Post by Bruce Hohl@Greg, it is an interesting happen-stance that you replied as my question
arose from my pass at completing your duplicate file finder "exercise" at
mywiki.wooledge.org/BashProgramming/04: "If you want to "fix" this
"problem", you might suppress all the printing until the end, and then
iterate over the whole array and print only those values that contain a
newline. (This is left as an exercise.)" So with your suggestion to use
=== Duplicate file finder exercise === (NO comments)
#!/bin/bash
while read -r md5_hash file; do
var_hash=md5_$md5_hash
declare -n ind_var_hash=$var_hash
declare -a ${!ind_var_hash}+="('$file')"
done < <(find "${1:-.}" -name $'*\n*' -prune -o -type f -exec md5sum {} +)
declare -n e
echo ${!e}
done
So your approach was to experiment with bash commands until you found
something that would approximate giving you the ability to have a hash
of lists (associative array of indexed arrays).
And what you came up with was using the entire bash variable namespace
as your hash, and storing each list as a separate indexed array within
that namespace.
That's... definitely not how I would have done it. ;-)

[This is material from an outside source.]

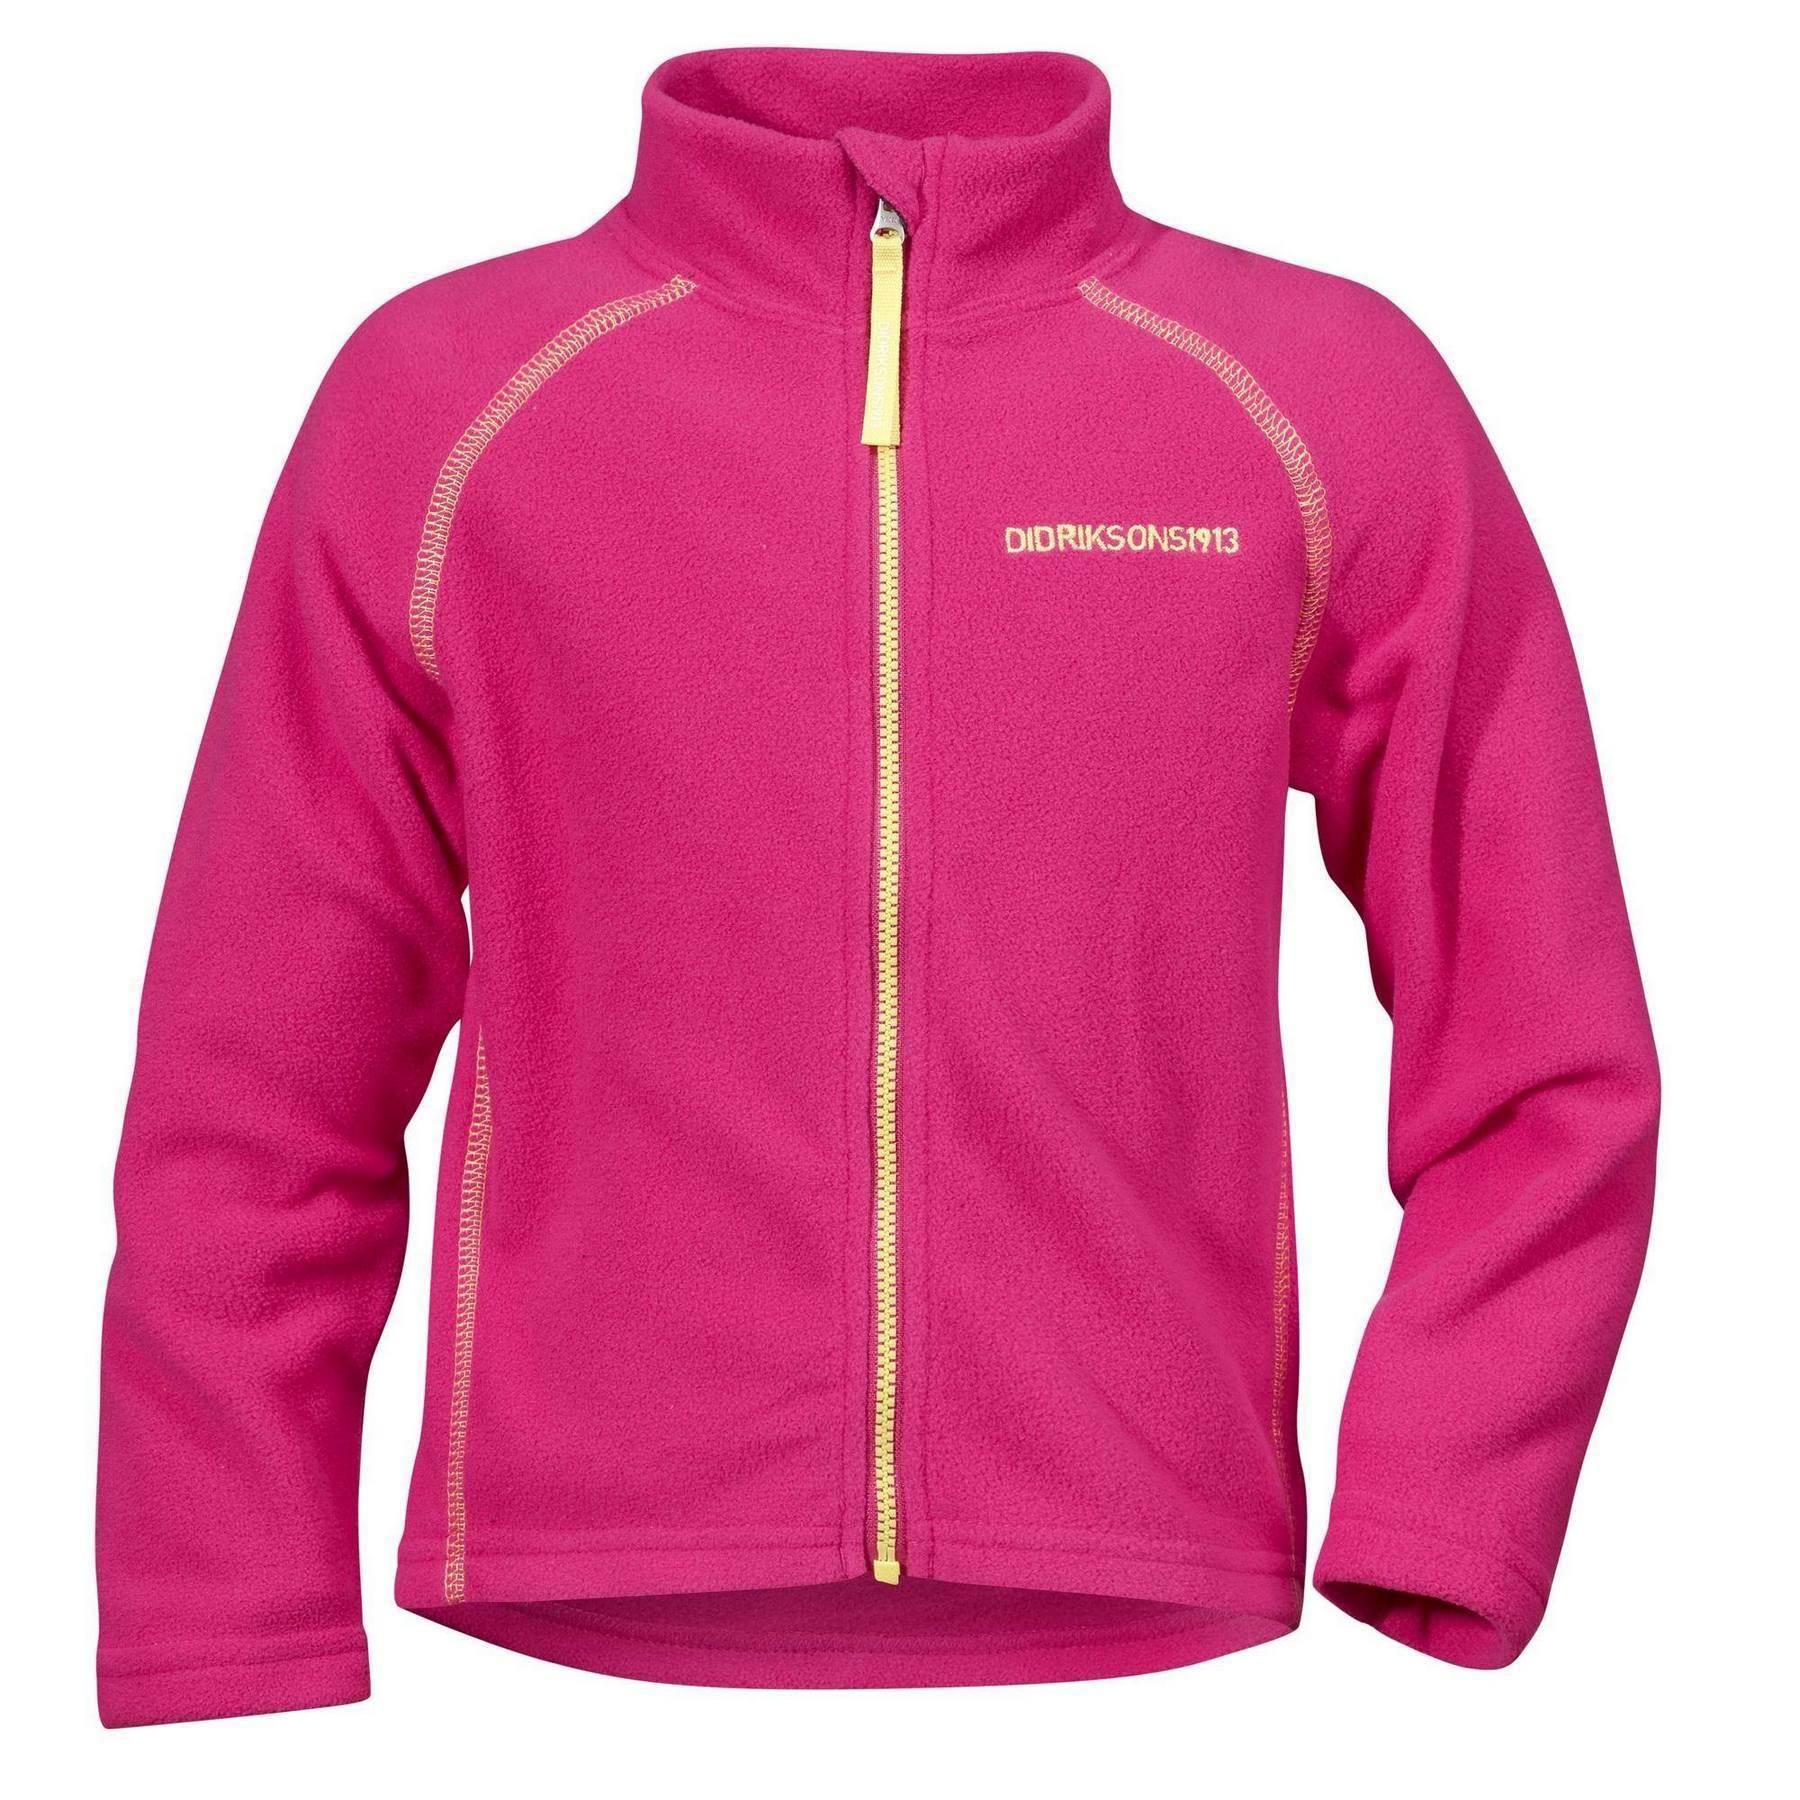 Куртка для детей Didriksons Monte kids - Fuchsia (розовый)

You're also missing some quotes.
Anyway, here is the solution that I had in mind for that:
=====================================================
#!/bin/bash
declare -A seen
while read -r md5 file; do
if [[ ${seen[$md5]} ]]; then
seen[$md5]+=$'\n'$file
else
seen[$md5]=$file
fi
done < <(find "${1:-.}" -name $'*\n*' -prune -o -type f -exec md5sum {} +)
for i in "${!seen[@]}"; do
if [[ ${seen[$i]} = *$'\n'* ]]; then
printf 'Matching MD5:\n%s\n\n' "${seen[$i]}"
fi
done
=====================================================
The stuff I wrote in the text was really quite literal: "store multiple
filenames for each MD5 value (in a newline-delimited pseudo-list)" and
"iterate over the whole array and print only those values that contain
a newline". That's what I'm doing here.
This is also a hack, using newlines to store multiple elements of a list
in a string variable, and this only works because we're already excluding
filenames that have a newline in them. This frees up the newline character
to act as a list delimiter.
In the absence of that opening, I would simply have written the program
in a different language -- one that allows you to create a hash of lists
without needing special hacks and tricks.
For example, a relatively straight conversion to Tcl:
=====================================================
#!/usr/bin/env tclsh
if {[llength $argv]} {set start [lindex $argv 0]} else {set start .}
foreach line [split \
[exec find $start -name "*\n*" -prune -o -type f -exec md5sum "{}" +] \
\n] {
set md5 [string range $line 0 31]
set file [string range $line 34 end]
lappend seen($md5) $file
}
foreach i [array names seen] {
if {[llength $seen($i)] < 2} continue
puts [format "Matching MD5: %s" [join $seen($i) { }]]
}
=====================================================
The output format is slightly different, but of course that can
be adjusted. The elements of "seen" are simply lists of filenames,
as this language supports this directly. I'm sure a similar solution
could be written in Python (which I don't know well enough to write in).
The only reason this solution is excluding filenames with newlines is
because of the md5sum command's output format.